Ingat bahwa kita semua pernah mengalami hari-hari berat. Tetapi kita memiliki pilihan dalam menanggapi. Kita bisa memilih reaksi yang panik dan pesimis ataupun tenang dan optimis. Pribadi yang resilien mampu memilih respons yang tepat dari masalah yang dihadapi yaitu dengan tetap tenang dan optimis.

5. Bersikap fleksibel

Pribadi yang resilien memahami bahwa segala sesuatunya berubah, bahkan rencana yang sudah dibuat dengan hati-hati pun bisa gagal ataupun dibatalkan. Namun, hal tersebut dapat diatasi dengan memahami masalah atau dengan memilih jalur lain.

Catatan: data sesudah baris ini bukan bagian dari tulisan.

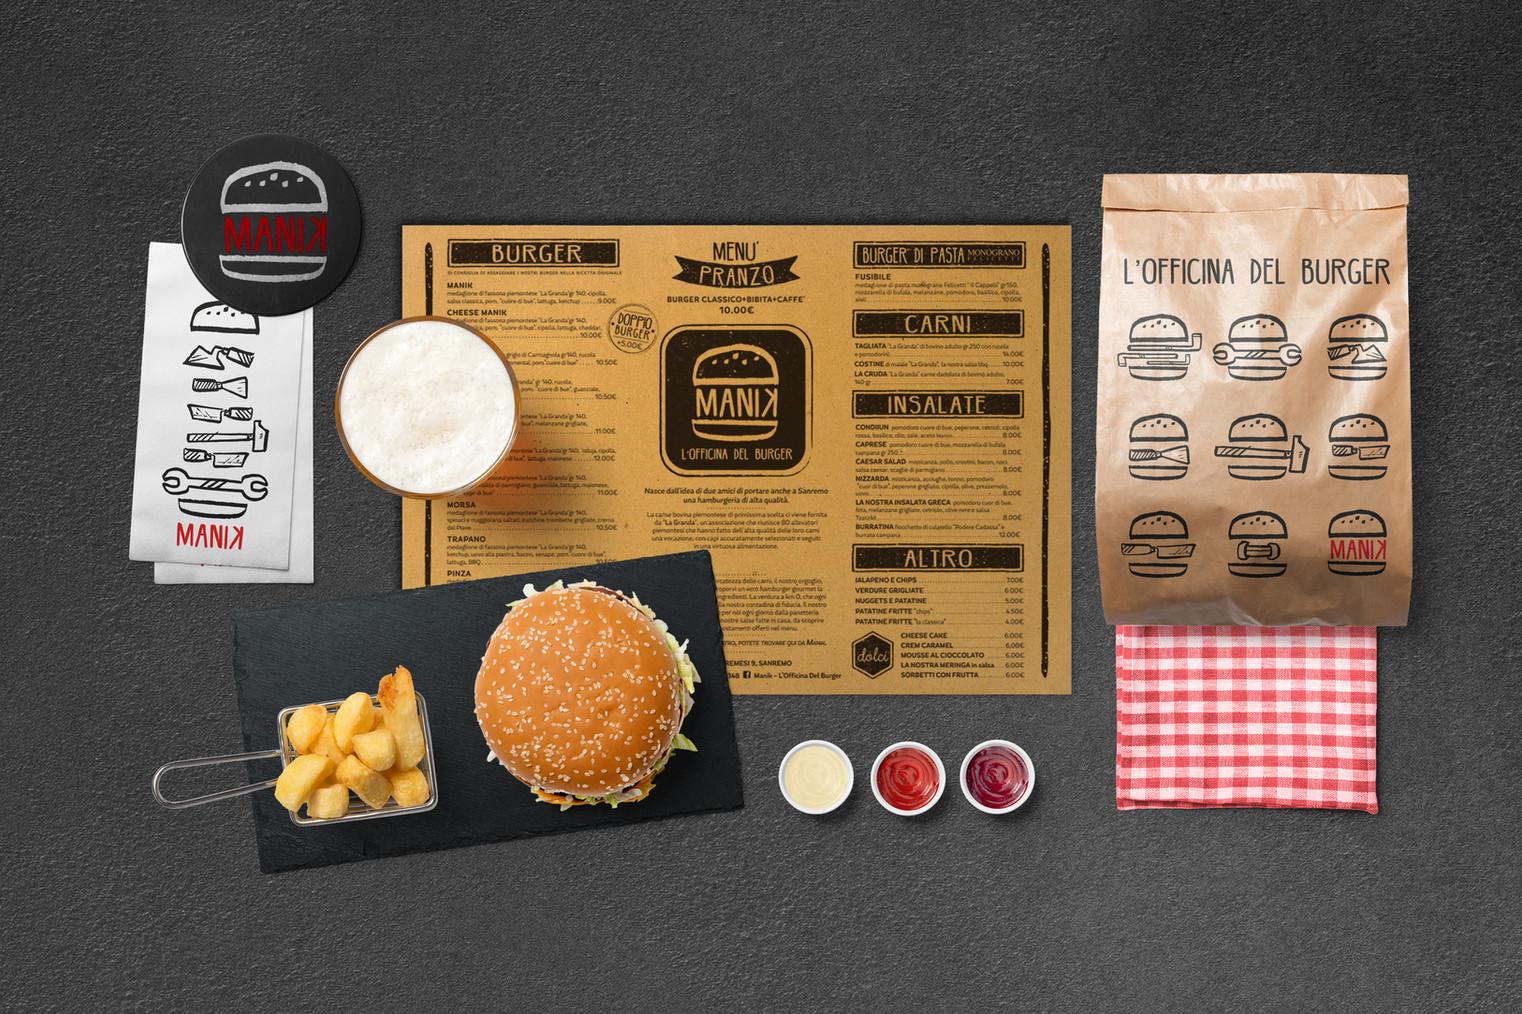 branding MANIK l'officina del burger, sanremo

Nah, itu tadi lima langkah yang bisa kita kembangkan untuk meningkatkan resiliensi. Jika sudah terbangun, langkah selanjutnya adalah berkembang menuju post-traumatic growth yang dikenal dengan konsep Antifragility.

Ingat! Dalam kehidupan, kita akan menemukan berbagai tantangan dan situasi diluar kendali kita. Jika selama ini kita menghadapi masalah hidup tanpa resiliensi, itu bisa jadi hal yang wajar kok. Tidak semua orang punya pengalaman yang cukup untuk belajar membangun resiliensi. Anggap saja dengan membaca artikel ini adalah langkah pertama kalian untuk belajar menjadi pribadi yang resilien.

Semangat ya! Yuk Bangkit!

Referensi Jurnal:

Connor K.M, dan Davidson J. R. T. (2003). Spirituality, Resilience, and Anger in Survivors of Violent Trauma: A Community Survey. Journal of Traumatic Stress. 16, 487-494.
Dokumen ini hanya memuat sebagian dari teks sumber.